Mauwake, also known as Ulingan, is spoken by as many as 4,000 people (2000) living in 15 villages along and in the hills just inland of the coast between the Kumil and Nemuru rivers in the Bogia district of Papua New Guinea's Madang province. To the south are spoken its nearest linguistic relatives, Bepour and Moere, as well as the closely-related Mawak and Kowaki languages of the Timper River family; to the west are the only somewhat less-related Maiani, Miani and Mala of the Kaukombar River family; to the southeast along the coast is the more distantly related Amako language a Beteka (Medebur.) Additionally the Oceanic language Beteka (Medebur) is spoken on the coat surrounded by Mauwake territory. Mauwake means “what?” Ulingan is the name of a Roman Catholic mission station (Z'graggen 1971: 50, 1975: 26, q.v. p. 3, Berghäll 2015: 4-10, 13, Pick 2020: 126-127.)

The traditional staple crop is taro, Other cultivated species include yam, sweet potato and banana, with sago consumed in times of scarcity.

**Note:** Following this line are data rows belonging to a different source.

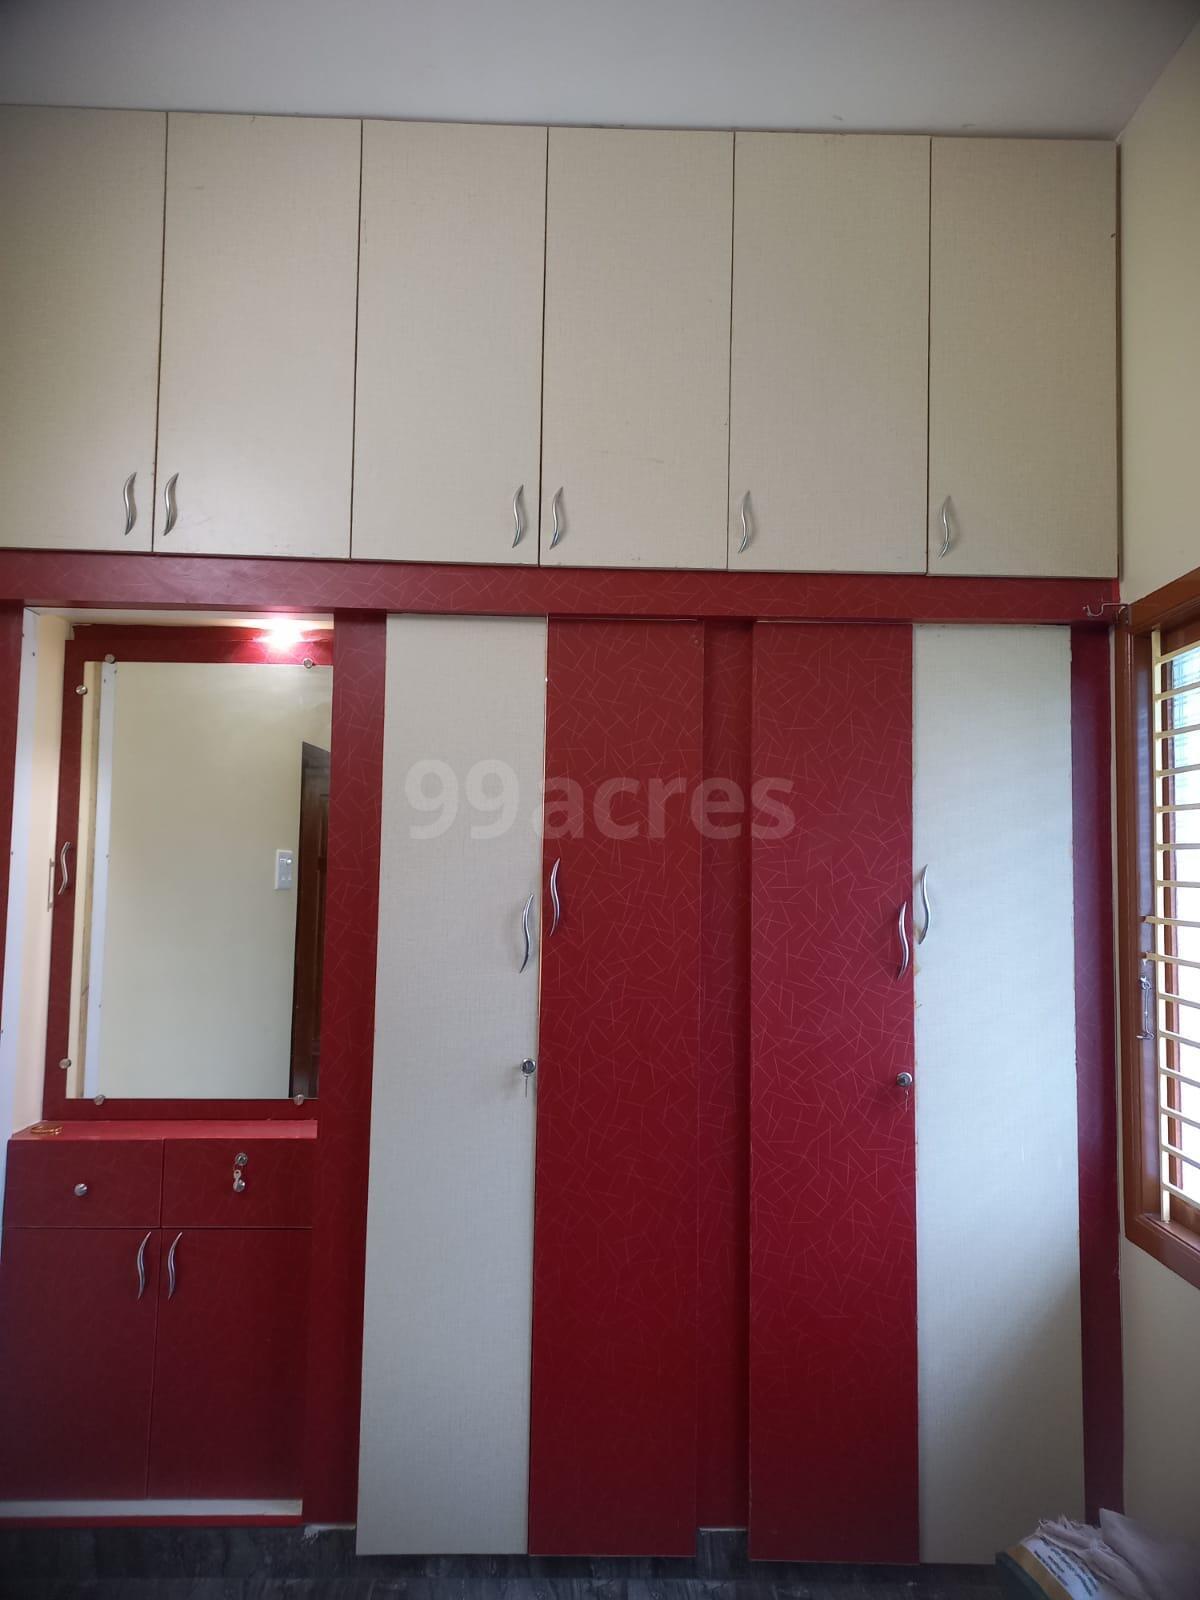 8038-for-sale-2BHK-Residential-Independent-House-Rs-6600000-in-Cuddalore-Cuddalore-Cuddalore
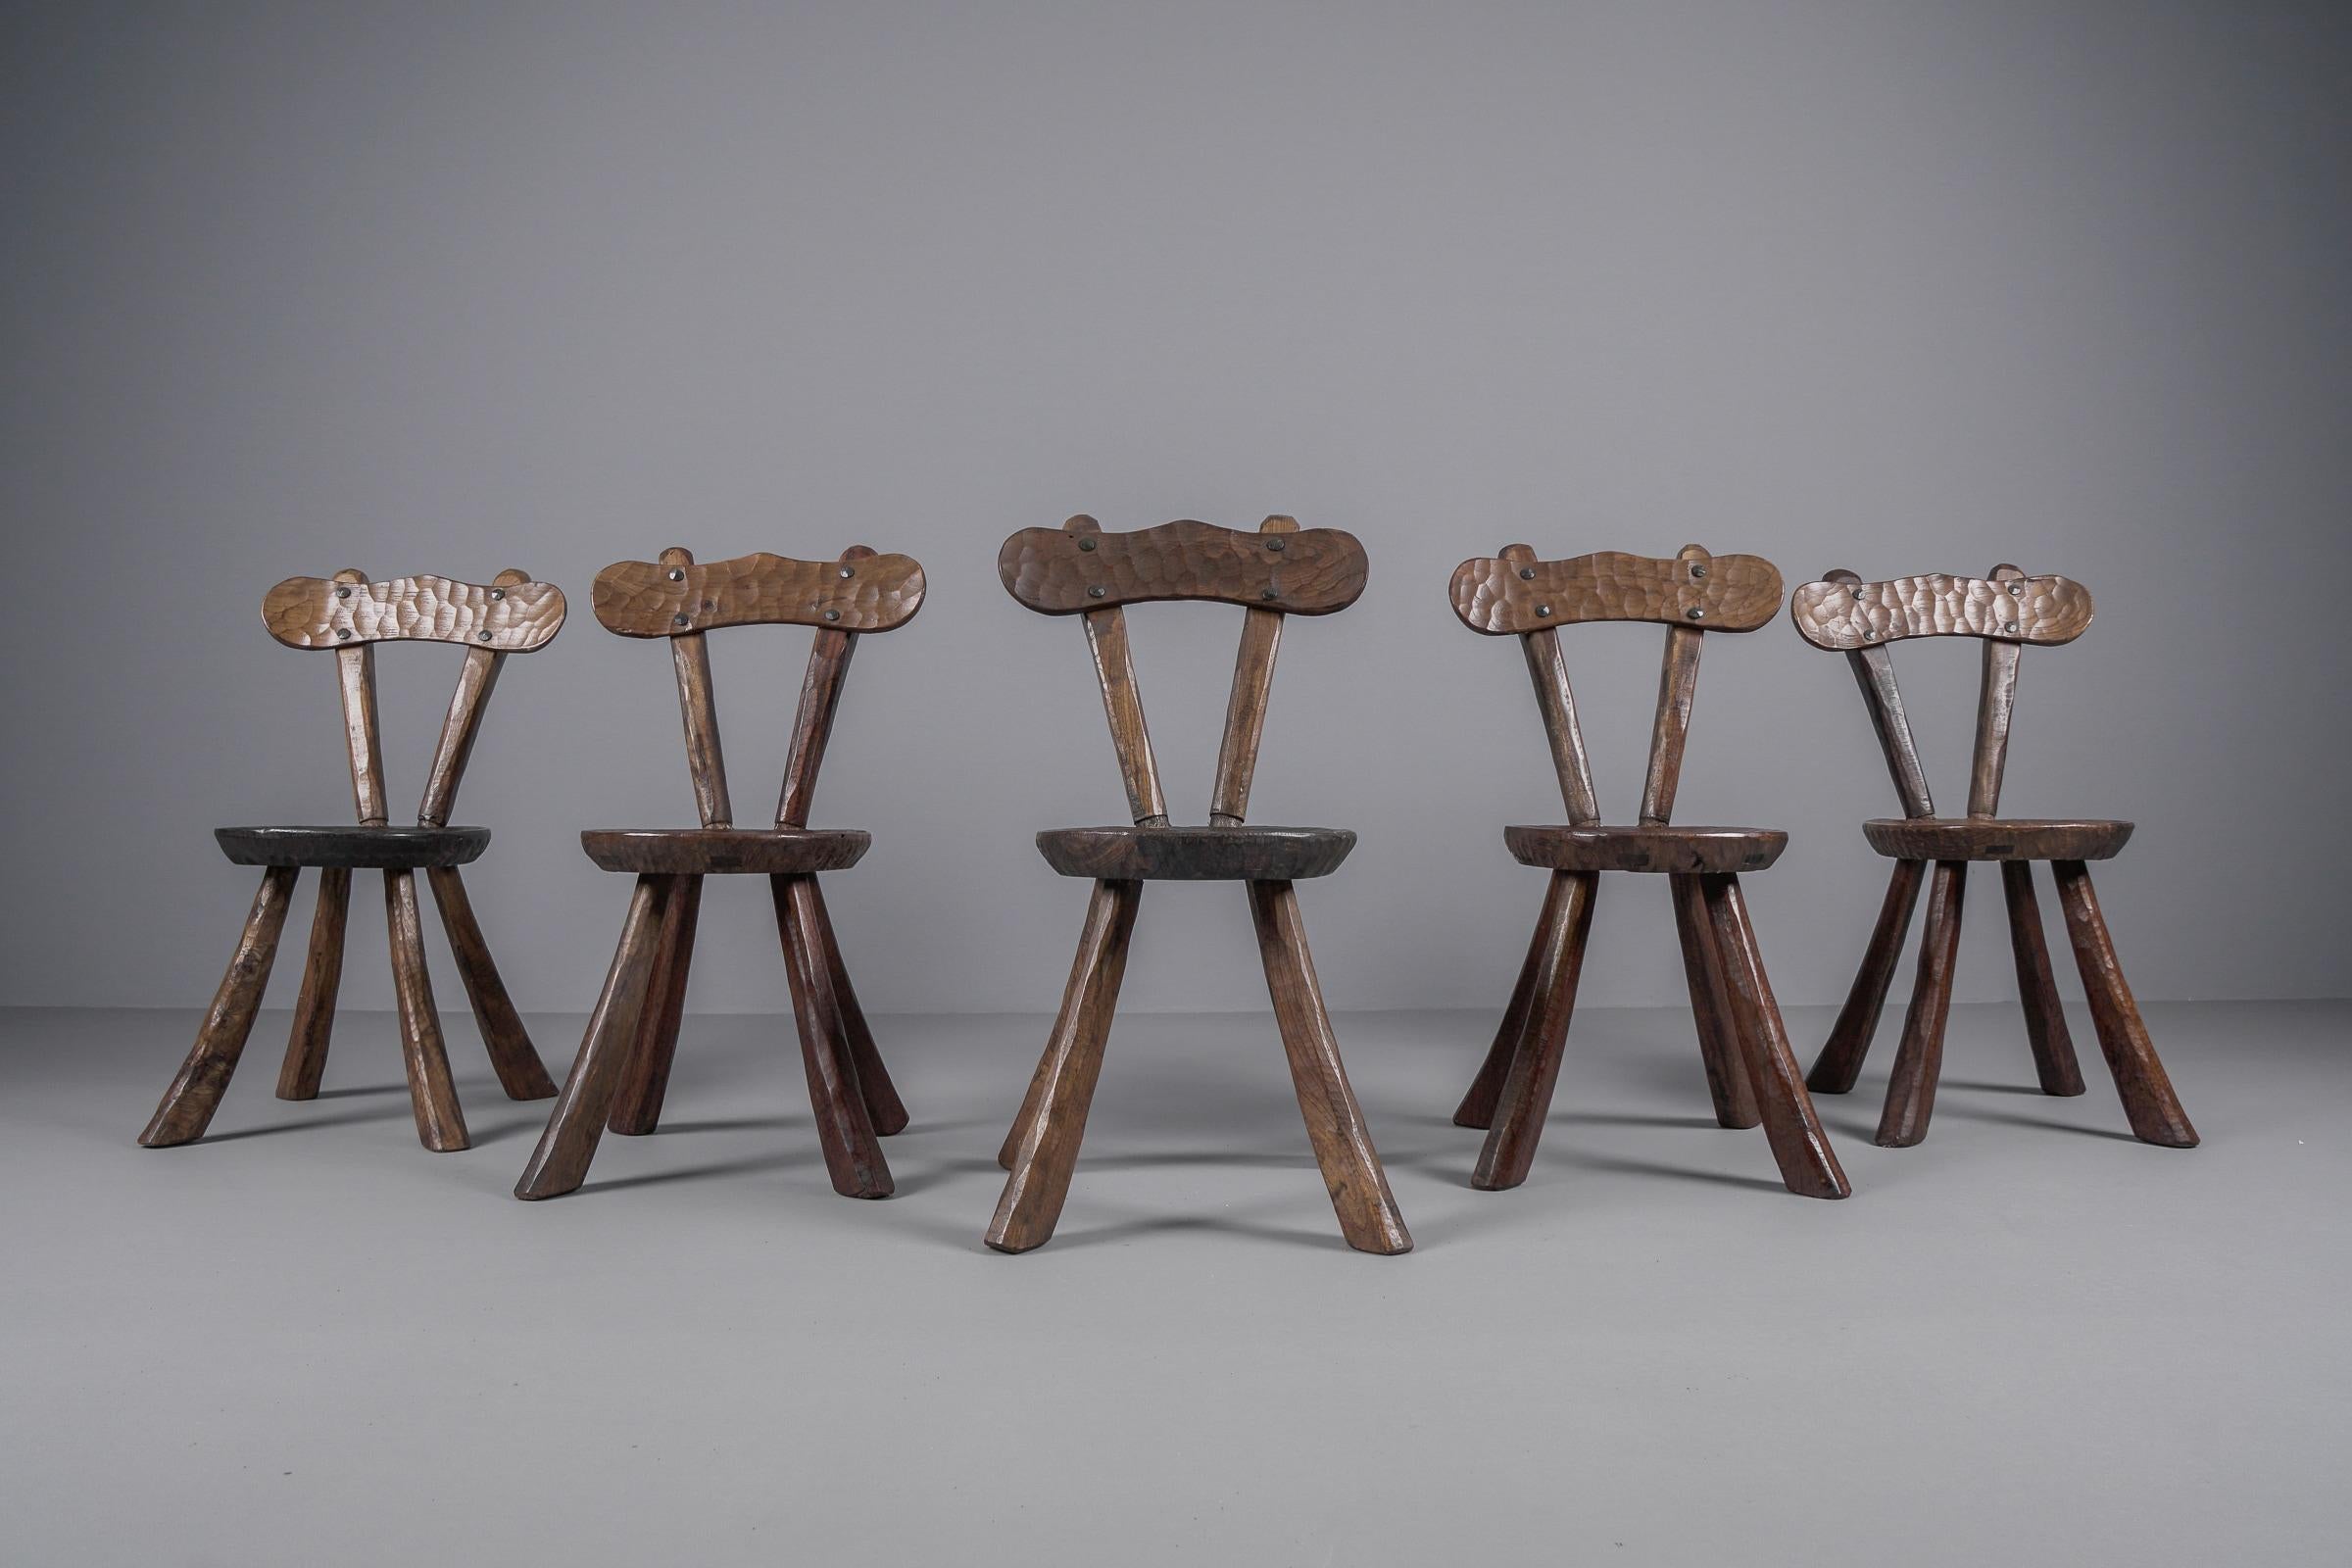 Set of 5 Brutalist Rustic Modern Sculptured Chairs i. t. Style of Alexandre Noll For Sale 1
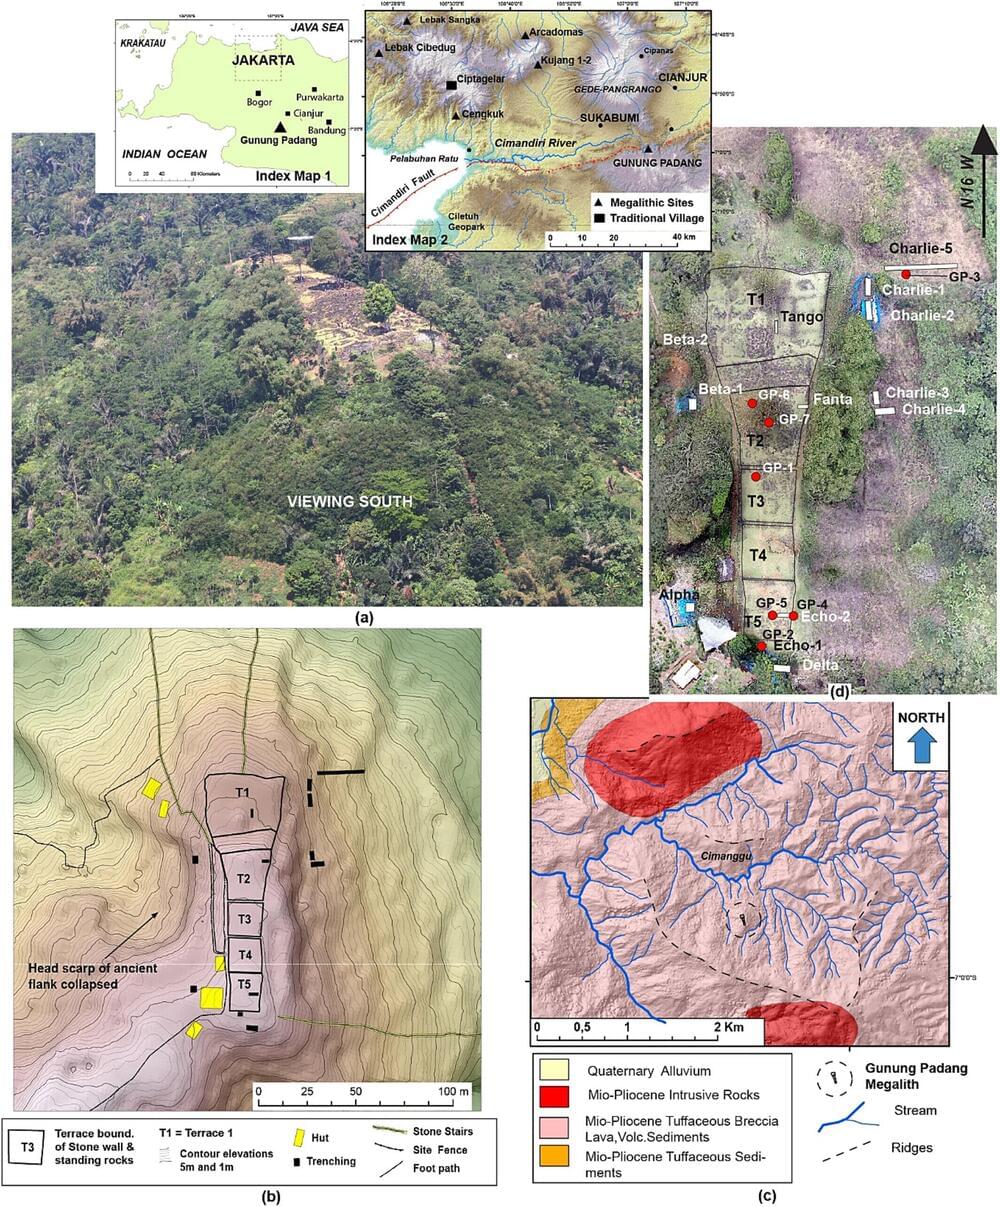 New evidence strongly suggests Indonesia’s Gunung Padang is oldest ...
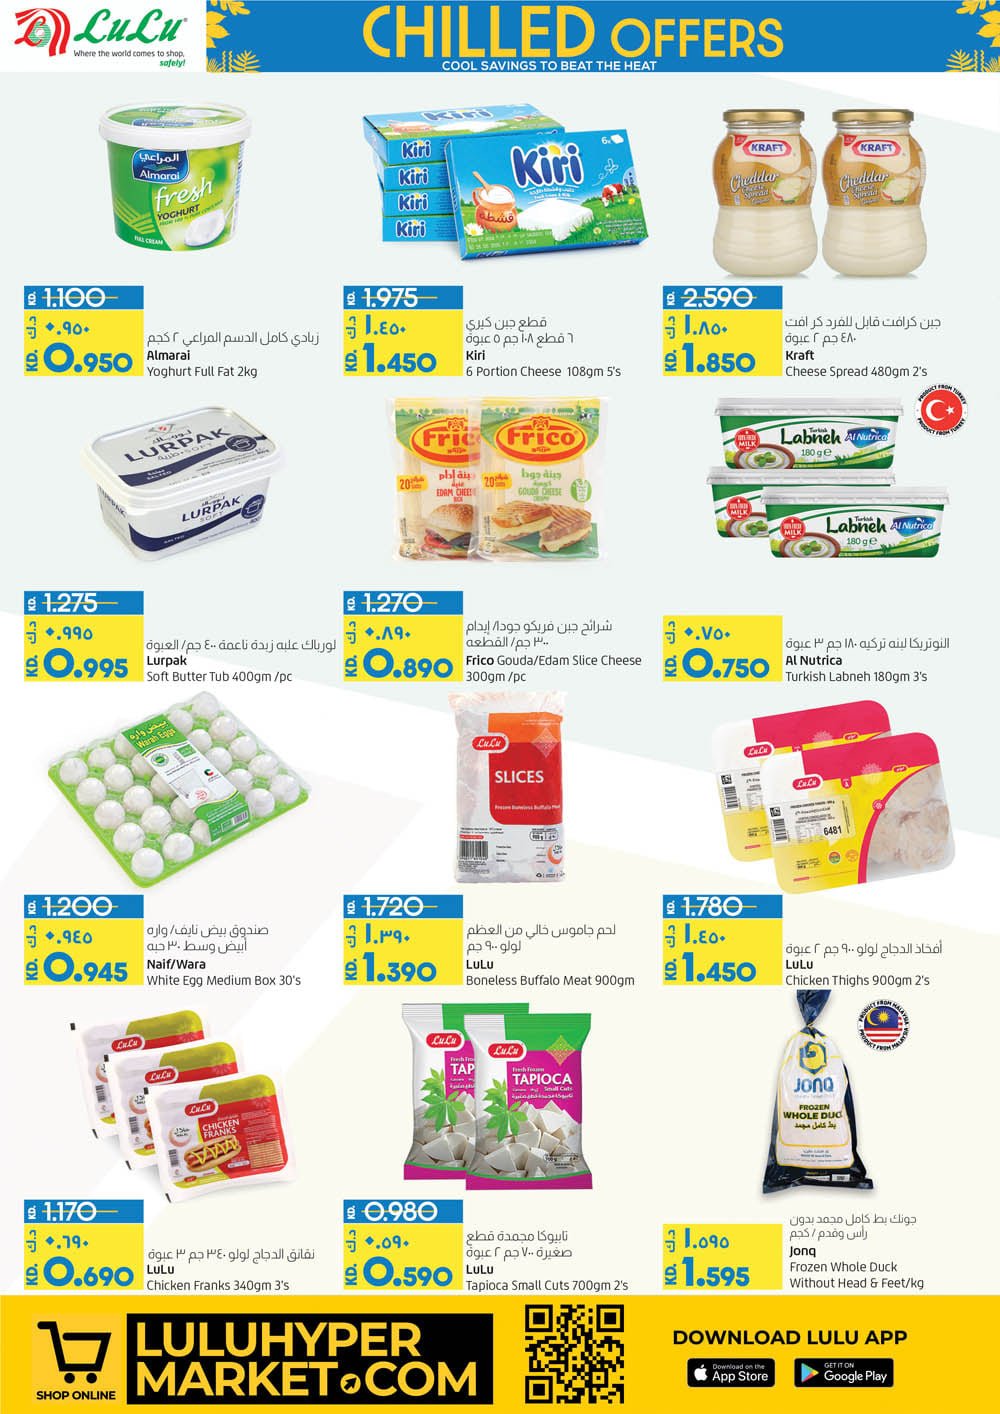 Lulu Hypermarket Chilled Offers, iiQ8 weekly promotions 2

These crops are supplementing by hunting, including wild pigs and bandicoots, and fishing (Berghäll 2015: 10 )

Dialects

Berghäll (2015: 21-24) distinguishes three loosely-defined dialect groups within the Mauwake speech community, although the differences between them are slight and primarily phonological rather than lexical or grammatical:

Mauwake

Ulingan – Ulingan, Sikor and Meiwok villages

Papur – Papur, Tarikapa and Yeipamir villages

Muaka – Muaka, Moro, Mereman, Sapara, Aketa, Amiten/Susure/Wakoruma and Saramun villages.

Sources

Capell (1951-1952: 188-192) grammar sketch of and (pp. 203-205) 84 comparative terms for Ulingan

Z'graggen (1980: 1-159) 320 comparative terms and (p. 162) pronominal paradigms for Ulingan

Järvinen (1980) 190 comparative terms for Mauwake (Ulingan) of Moro village     Järvinen (1987) Mauwake pronouns

Järvinen (1987) Mauwake focus marking

Järvinen (1991) Mauwake pronouns

Järvinen (1992) sketch phonology of Mauwake (Ulingan)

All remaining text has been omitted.